# AIM OF THE TASK:
Without changing a thing, reproduce the entire listing and leave out its pictures.

# AVAILABLE DATA:
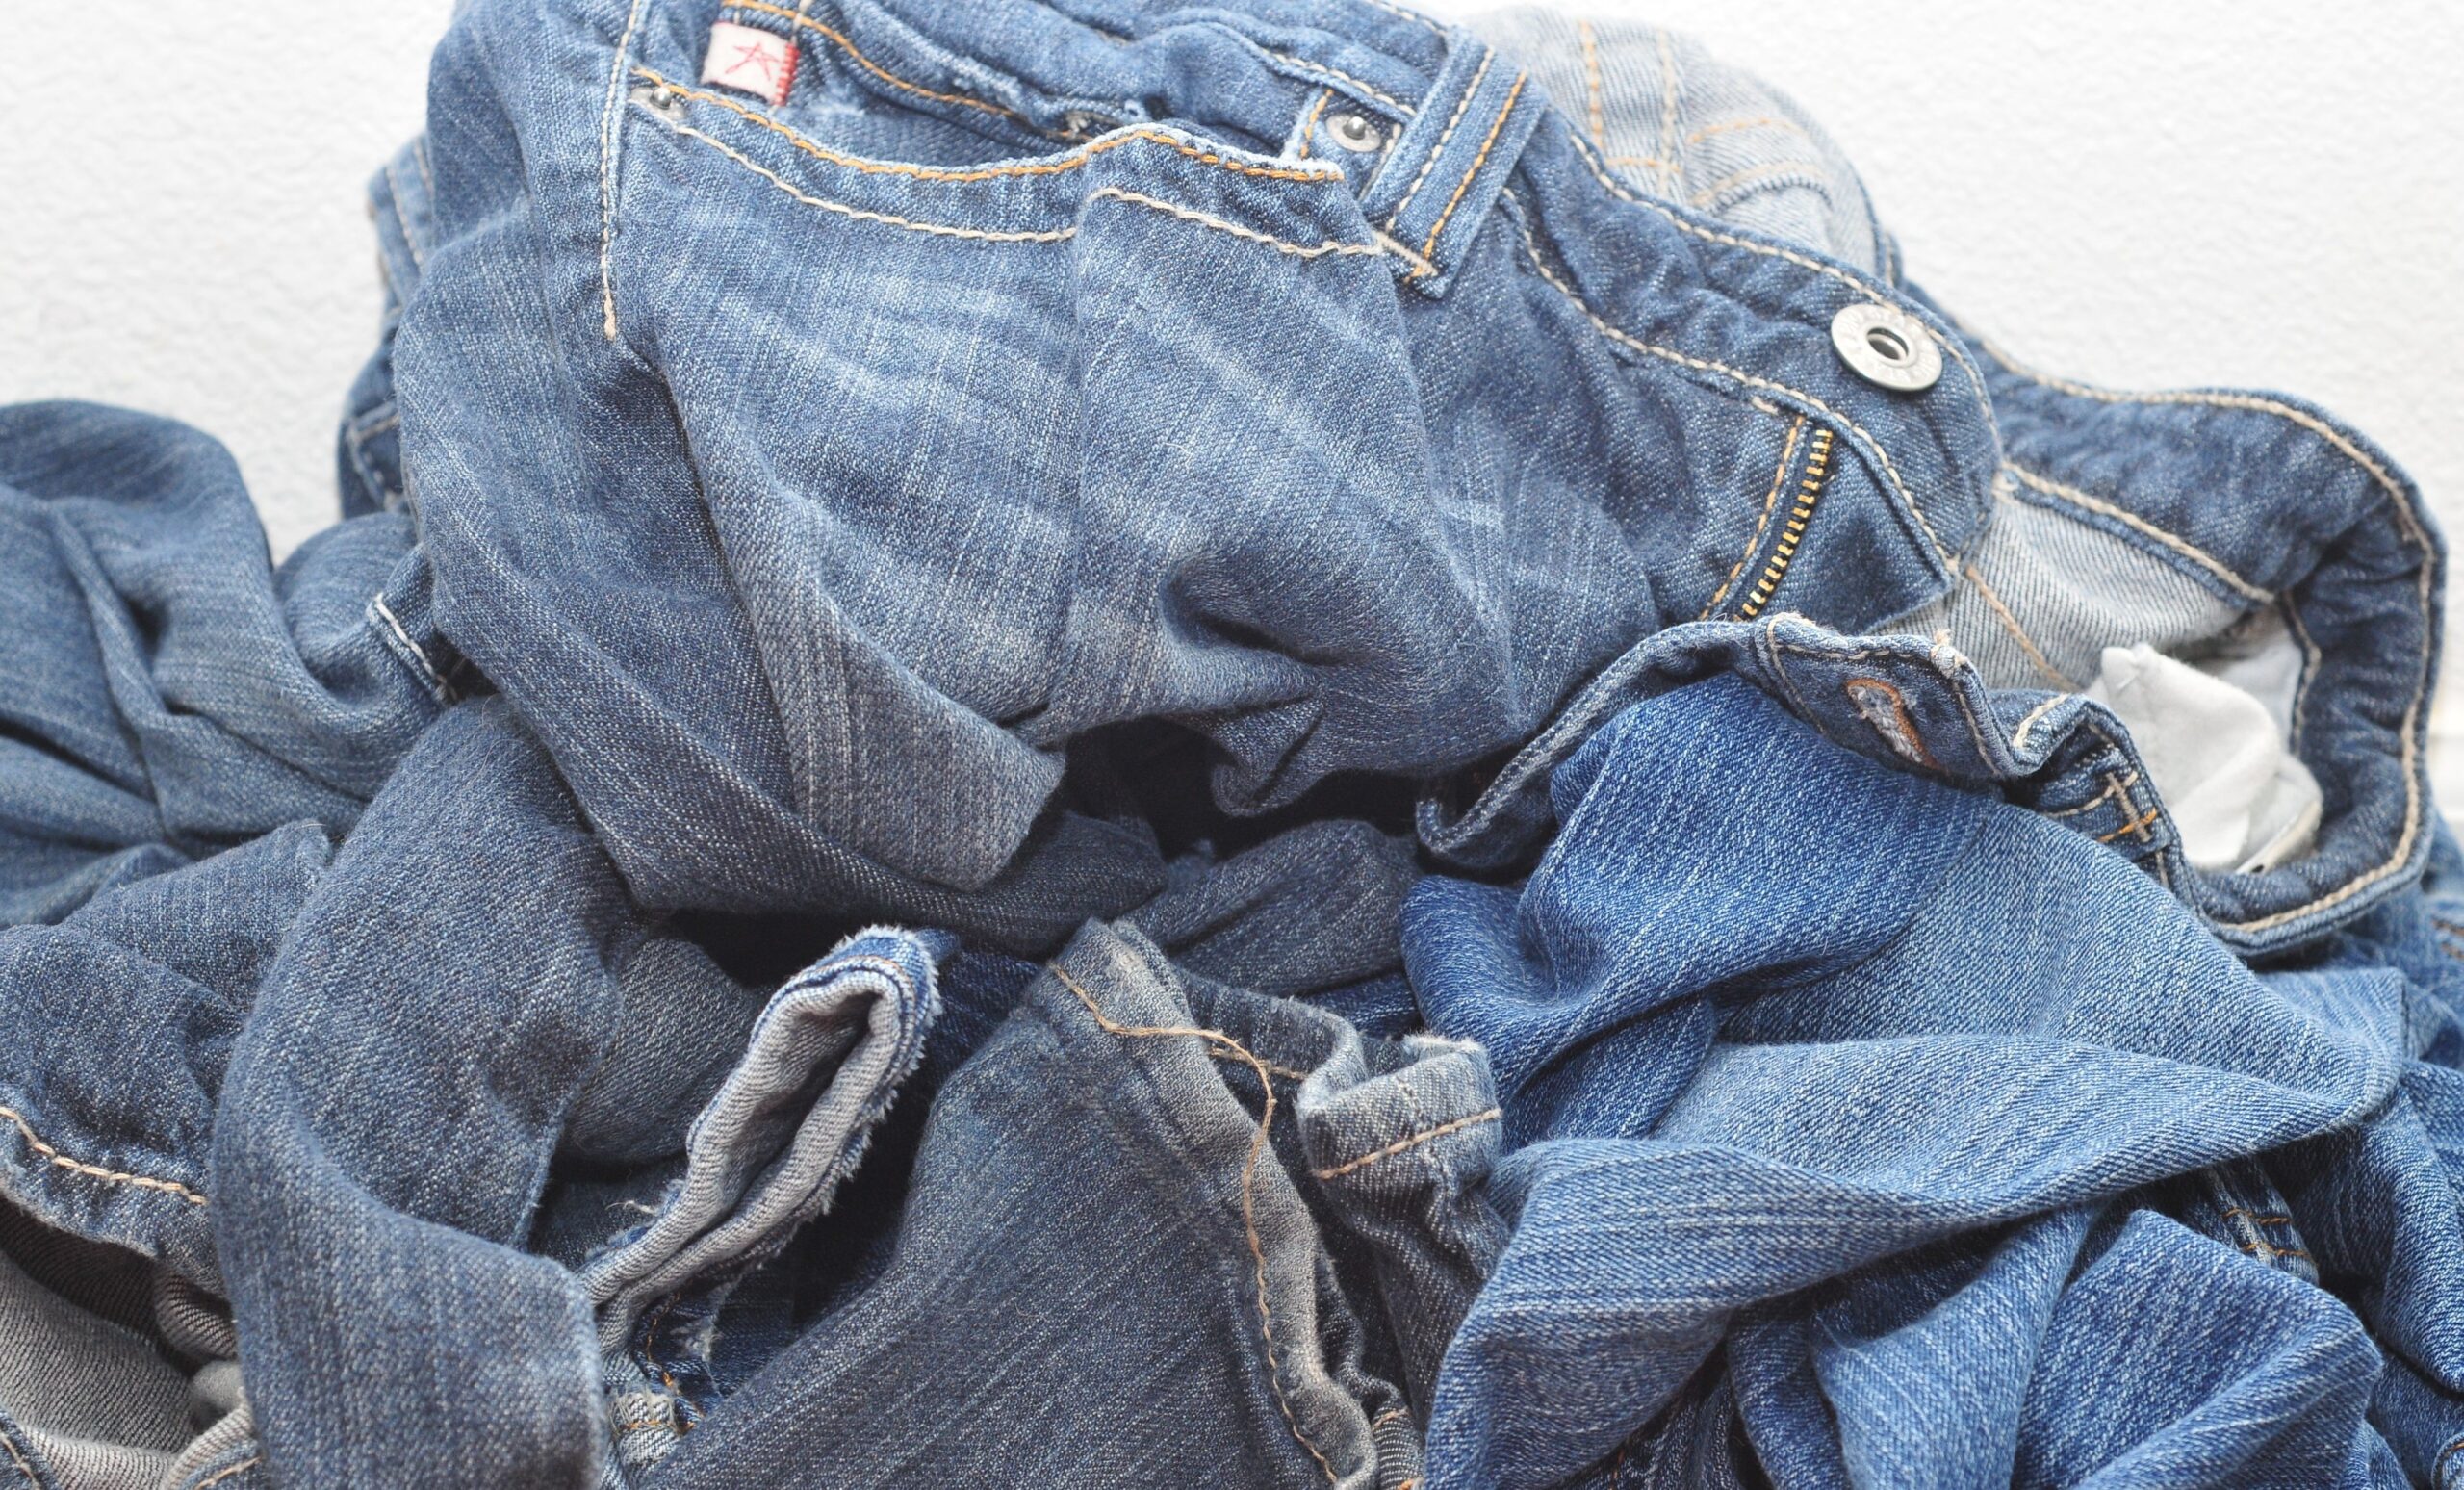 Idee creative per riciclare i vecchi jeans
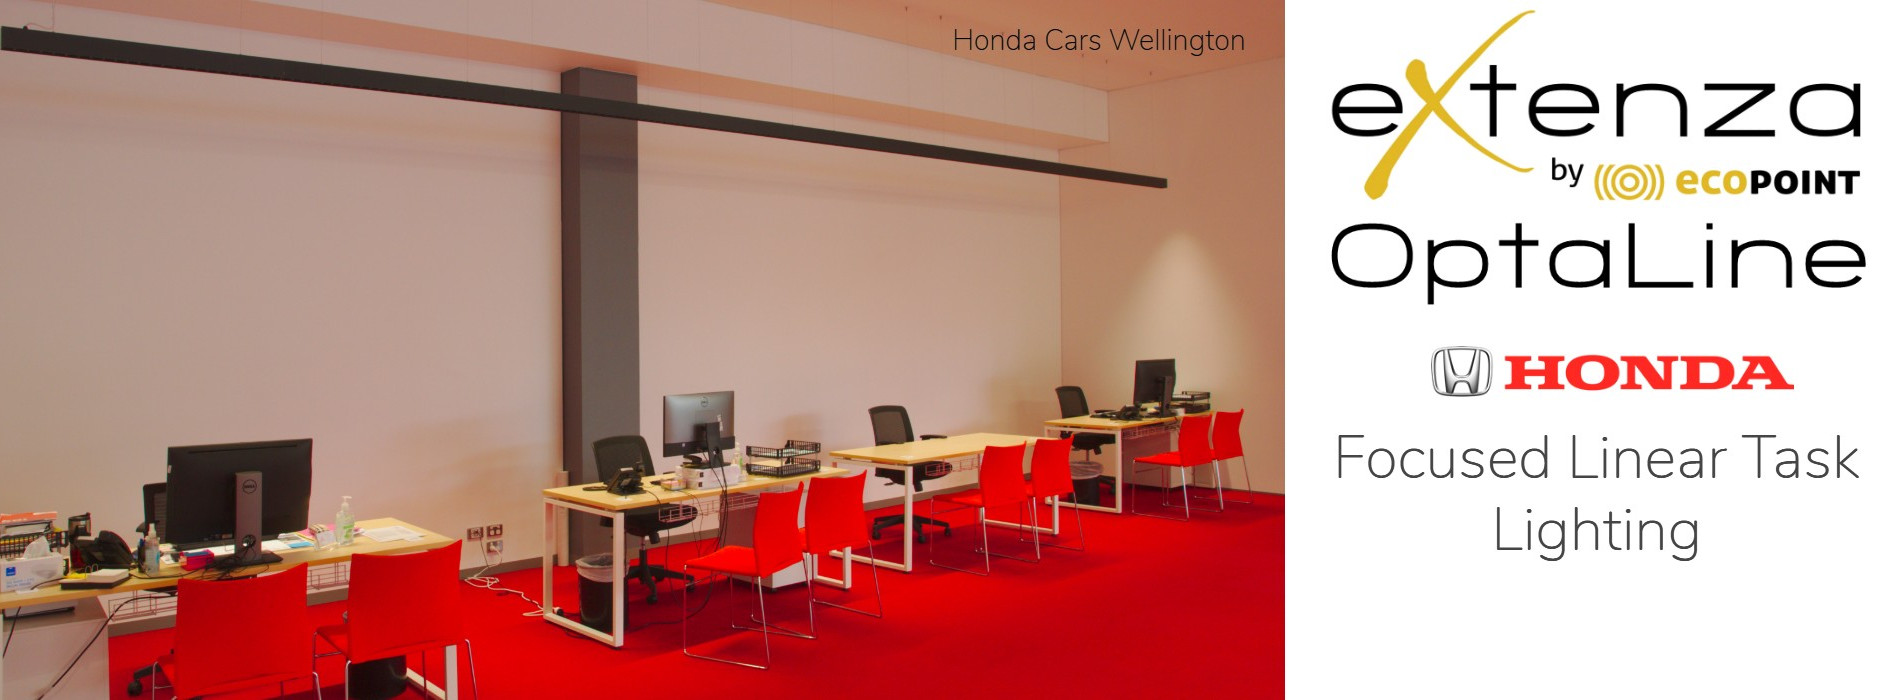 Honda Reception OptaLine Header 2
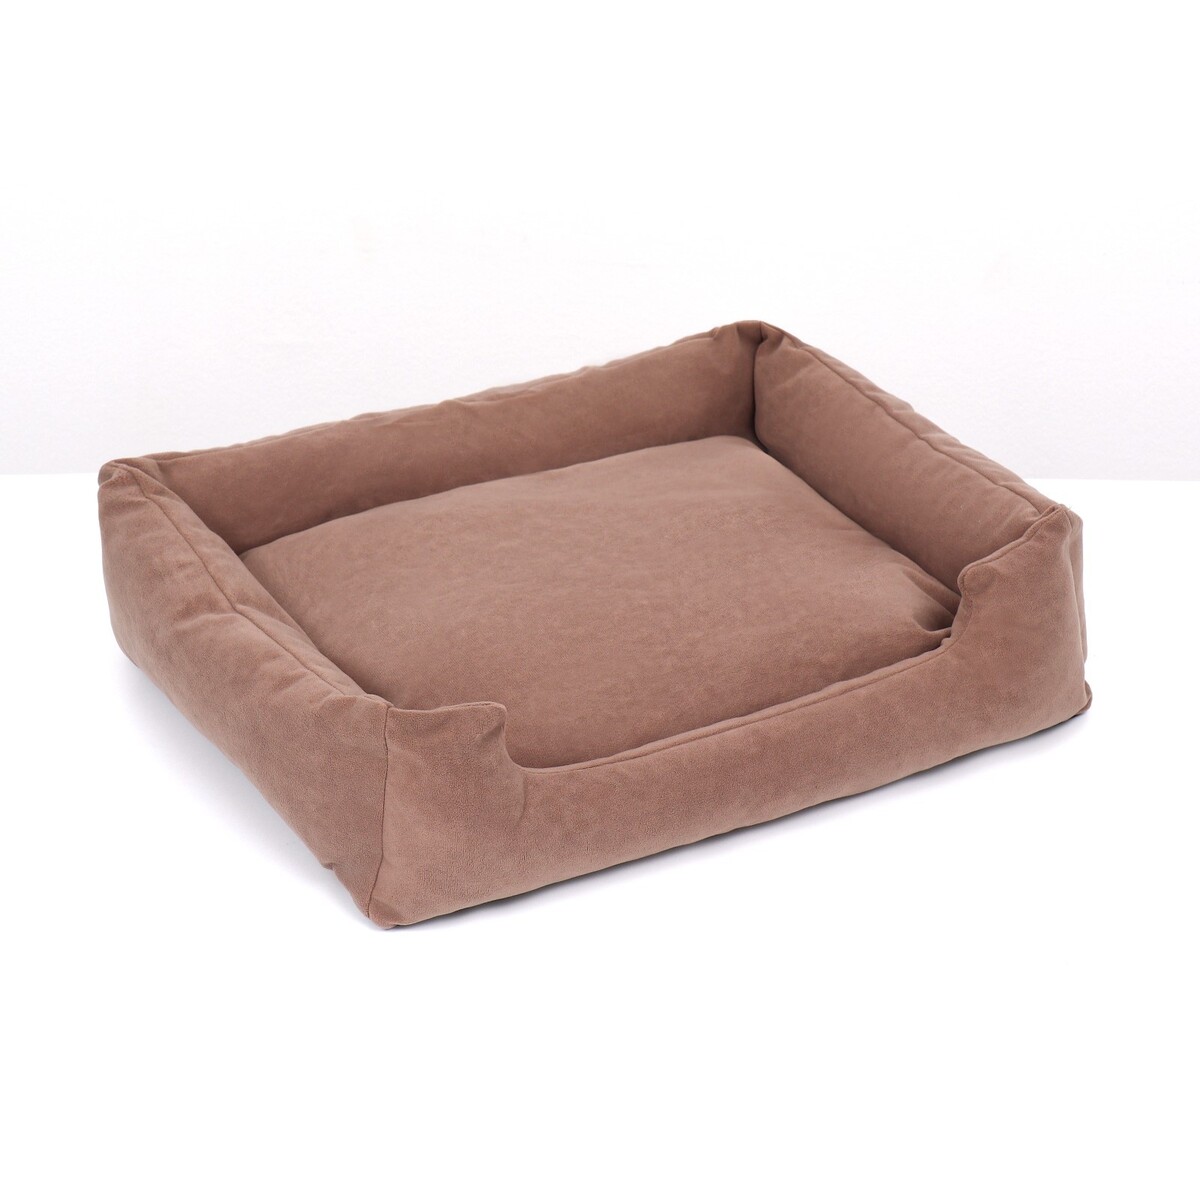 Лежанка-диван, 53 х 42 х 11 см, коричневая лежанка диван 53 х 42 х 11 см коричневая

# EXERCISE RESPONSE:
 Idee creative per riciclare i vecchi jeans
 Honda Reception OptaLine Header 2
 Лежанка-диван, 53 х 42 х 11 см, коричневая лежанка диван 53 х 42 х 11 см коричневая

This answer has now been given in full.